PARECER CRÍTICO DA OBRA: 

É um livro que devemos ler em diversos momentos de nossa prática educativa. Mediante o disposto apresentado é de grande relevância, sendo que aborda com prioridade que as classes sociais, nos dias atuais estão bastante atuantes e liberadas, estando de fato em constante relação e em construção.

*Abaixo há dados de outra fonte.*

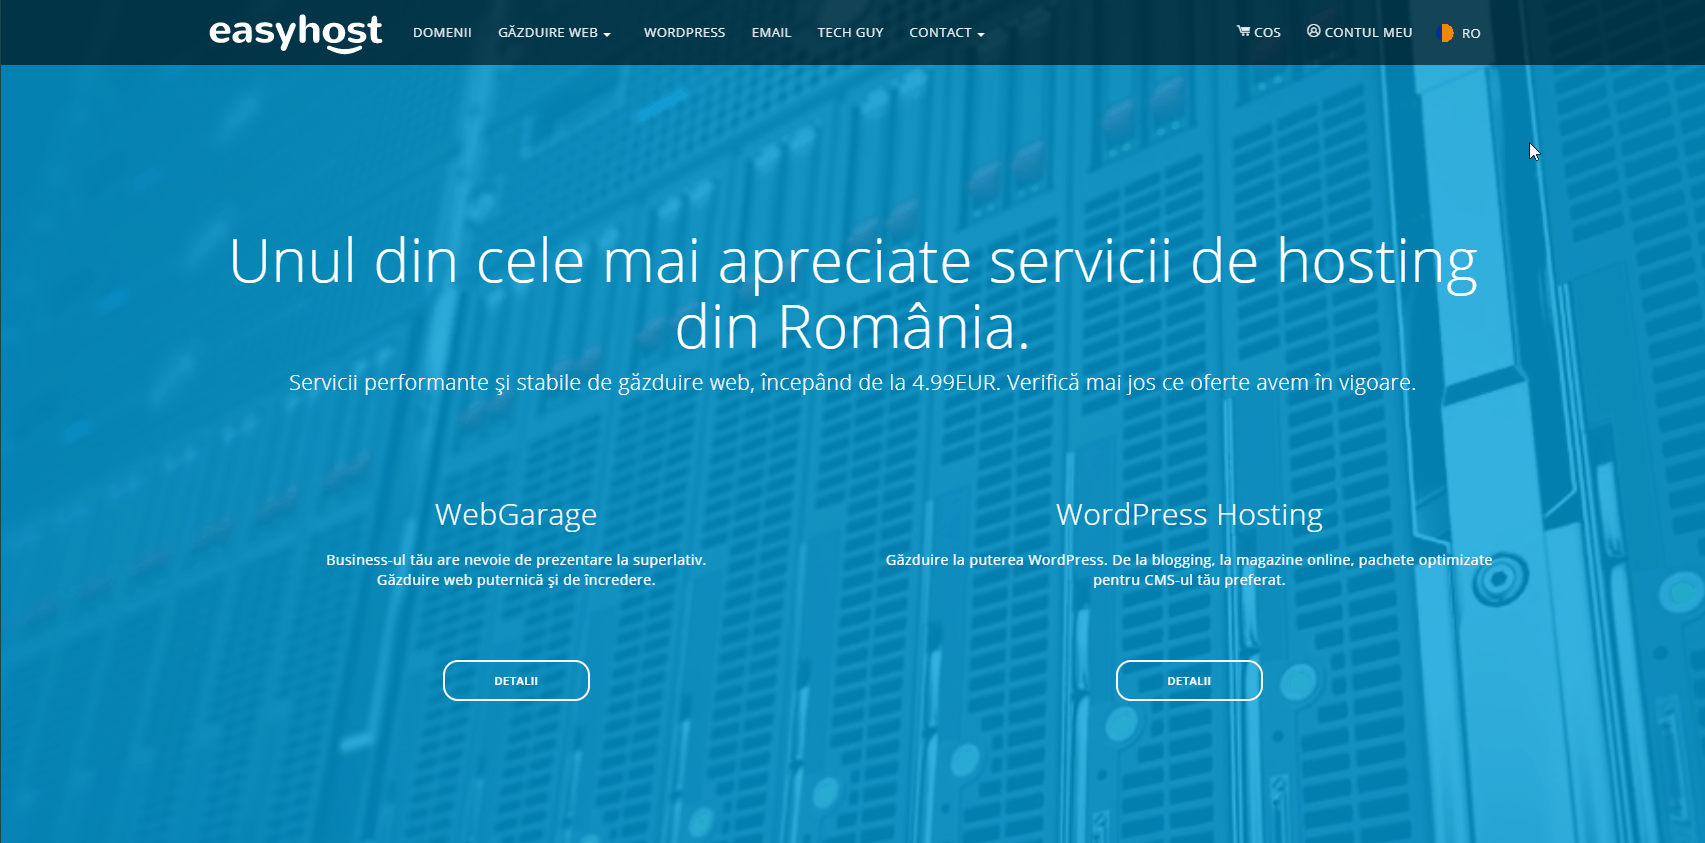 Recenzie găzduire web Easyhost

É bom ressaltar que elas não foram inseridos no meio como estrutura econômica do referido sistema, é constituída através das lutas de classes, tendo como foco as condições objetivas do trabalho capitalista. 
Estas conquistas não foram oferecidas pela estrutura, foi conquistada e ao mesmo tempo dividida  e por que não ressaltar fracionada. È que a concorrência no mercado  leva o fracionamento, proporcionado um grupo de classes mais frágil, isso pode ocorrer o enfraquecimento e chegando a prejudicar a identidade de lutas e movimentos sociais. 
É impressionante como o Sistema Capitalista consegue se metamorfosear de maneira tão sórdida e mesquinha deixando seu rastro de sangue, afastando as pessoas, destruindo laços de solidariedade e fraternidade, e que a cada dia vem tirando das pessoas o sentido de viver em sociedade. Porém os Movimentos Sociais vem perdendo força com o passar do tempo, o egoísmo, o consumismo desenfreado, a concorrência, a alienação imposta pelo mercado vem impedindo que as pessoas se unam para lutar e reivindicar o bem em comum. 
A obra é de grande importância para a vida acadêmica e profissional tendo em vista dos argumentos mencionados, o profissional da área de serviço social proporcionará metas e criar objetivos para mudar o senário social. Por todo esse processo transformativo e didático é de grande utilidade para aprimorar no dia a dia como profissional da área de Serviço Social. 



GUERRA, Yolanda. instrumentalidade do serviço social/ Yolanda Guerra.  - 2.ed. Revista - São Paulo : Cortez, 1999. 
RESUMO 
A obra da autora Yolanda Guerra, acompanhada por diversos outros autores, como Kant, Marx, Oliveira, Lukács, e outros. A obra é de grande importância para os leitores, acadêmicos e profissionais do Serviço Social, levando nos lembrar a instrumentalidade na contemporaneidade como mero instrumento para ser aplicado dentro do âmbito profissional, dividida em duas partes com títulos e subtítulos, na primeira parte relata sobre a Razão e Modernidade, já a  segunda parte é colocada a  Racionalidade do Capitalismo e Serviço Social. Na primeira parte a autora fala, a história da razão moderna na concepção de homem enquanto ser social auto criador portador de racionalidade e teleologia. Na segunda a autora deixa claro que o homem constitui-se num ser prático – social que se realiza pelo trabalho.